Different numbers of fine-tuning layers during training
After choosing to use the VGG16 pre-trained model, this study further explored whether, by freezing some of the network layers in the pre-trained model, the model could be made to have a better generalization performance. This experiment was also conducted using the WHU-RS19 dataset, and the results are shown in Figure 9. Based on the four blocks contained in the VGG16 model, two, four, seven, 10, and 13 layers were frozen. The results show that, when no layers were frozen, all the layers of the pre-trained model were retrained and fine-tuned, which means that, although this method requires more resources and a longer training time, it can produce a better overall accuracy. This shows that, in the classification of remote sensing images, the feature image that is required can be obtained by further training.
For the different fine-tuning layers discussed, the main consideration was whether to retrain the weights in the pre-trained model. Retraining the entire network inevitably takes a lot of time. However, in the process of feature extraction, in addition to training, we believe that it is necessary to focus on the training of the classifier and, hence, in this study, we aimed to strengthen the model’s ability to classify features by using a two-stage training method. In Figure 10, the WHU-RS19 dataset is used as the comparison dataset for the proposed method.
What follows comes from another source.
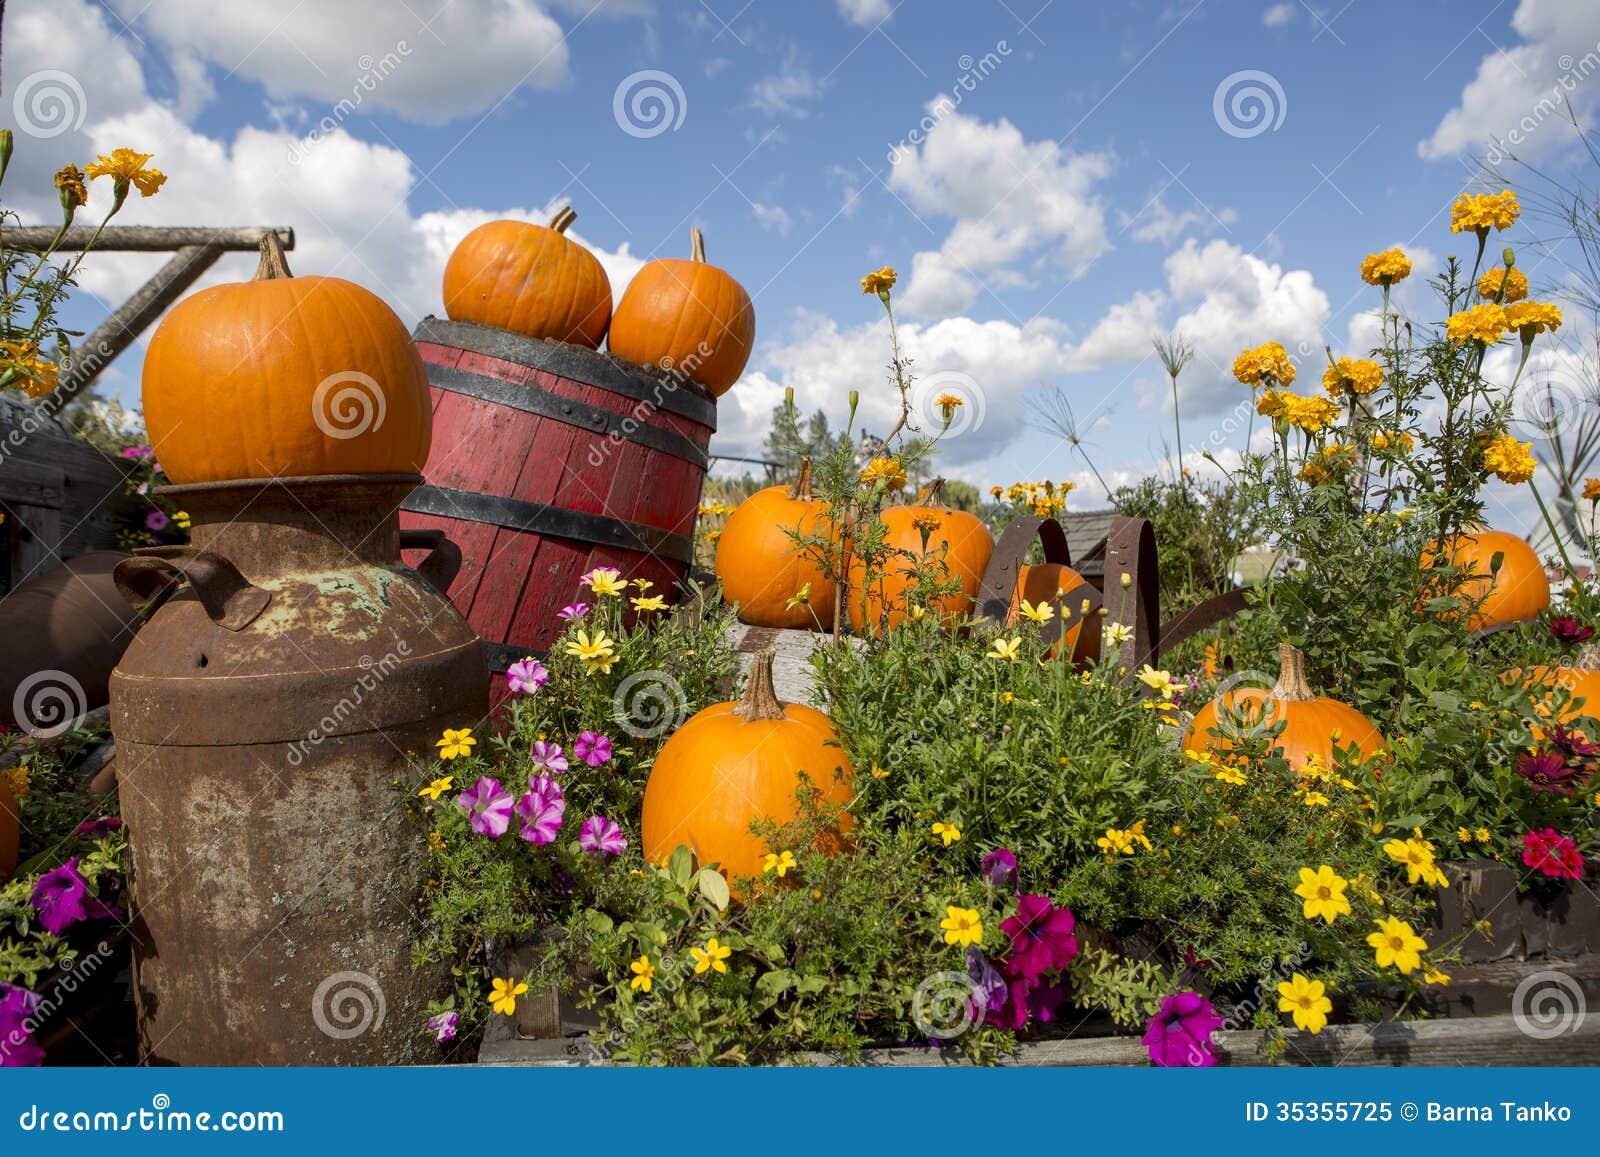 Seasonal garden decorations stock image image 35355725 for Decoration photo

A two-stage training method (shown as “2-stage” in Figure 10) in our research indicates that two different optimizers were used and separated into two parts for the two-stage training. In the first stage, the SGD (stochastic gradient decent) optimizer was used to carry out 100 training iterations to train the entire neural network model. In this stage, the pre-trained model and classifier model could be adjusted at the same time, thus strengthening the features of the capture model and learning the classification ability. In the second stage of the training, the model weights with the best accuracy learned in the first stage were loaded, and the Adam optimizer was used to carry out the next 50 training iterations. We also compared the result with only using the Adam optimizer training for 150 iterations (shown as “1-stage” in Figure 10). As can be seen from Figure 10, the test accuracy obtained using the two-stage training (97.76%) was better than that obtained using the one-stage training (96.33%).
3.
Different classification architectures
For a performance comparison, we compare the RSSCNet architecture proposed herein with the other architectures in the literature, such as VGG-16-Net [21] and the GSB + LOB model [32]. Figure 11 showed the ranking results of the test accuracy of each model (i.e., RSSCNet: 0.978, VGG-16-Net: 0.973, and GSB + LOB model: 0.97), which indicated that the proposed RSSCNet is the best classification model.
4.
Different cyclical learning-rate methods
In this section, we compare the performances of the two-stage cyclical learning rate method (2-stage CLR, Figure 11) and Smith and Topin’s (2019) one-cycle cyclical learning rate method (1-cycle CLR). The results of Figure 12 showed that the two-stage cyclical learning rate method achieved the highest test accuracy of 98.0% at epoch = 134. On the contrary, the one-cycle cyclical learning rate method only achieved the highest test accuracy of 97.0% at epoch = 27. Although the latter could provide quicker access to the best test accuracy for training, the former could achieve a better test accuracy; hence, it was used in subsequent experimental results for model training and performance testing.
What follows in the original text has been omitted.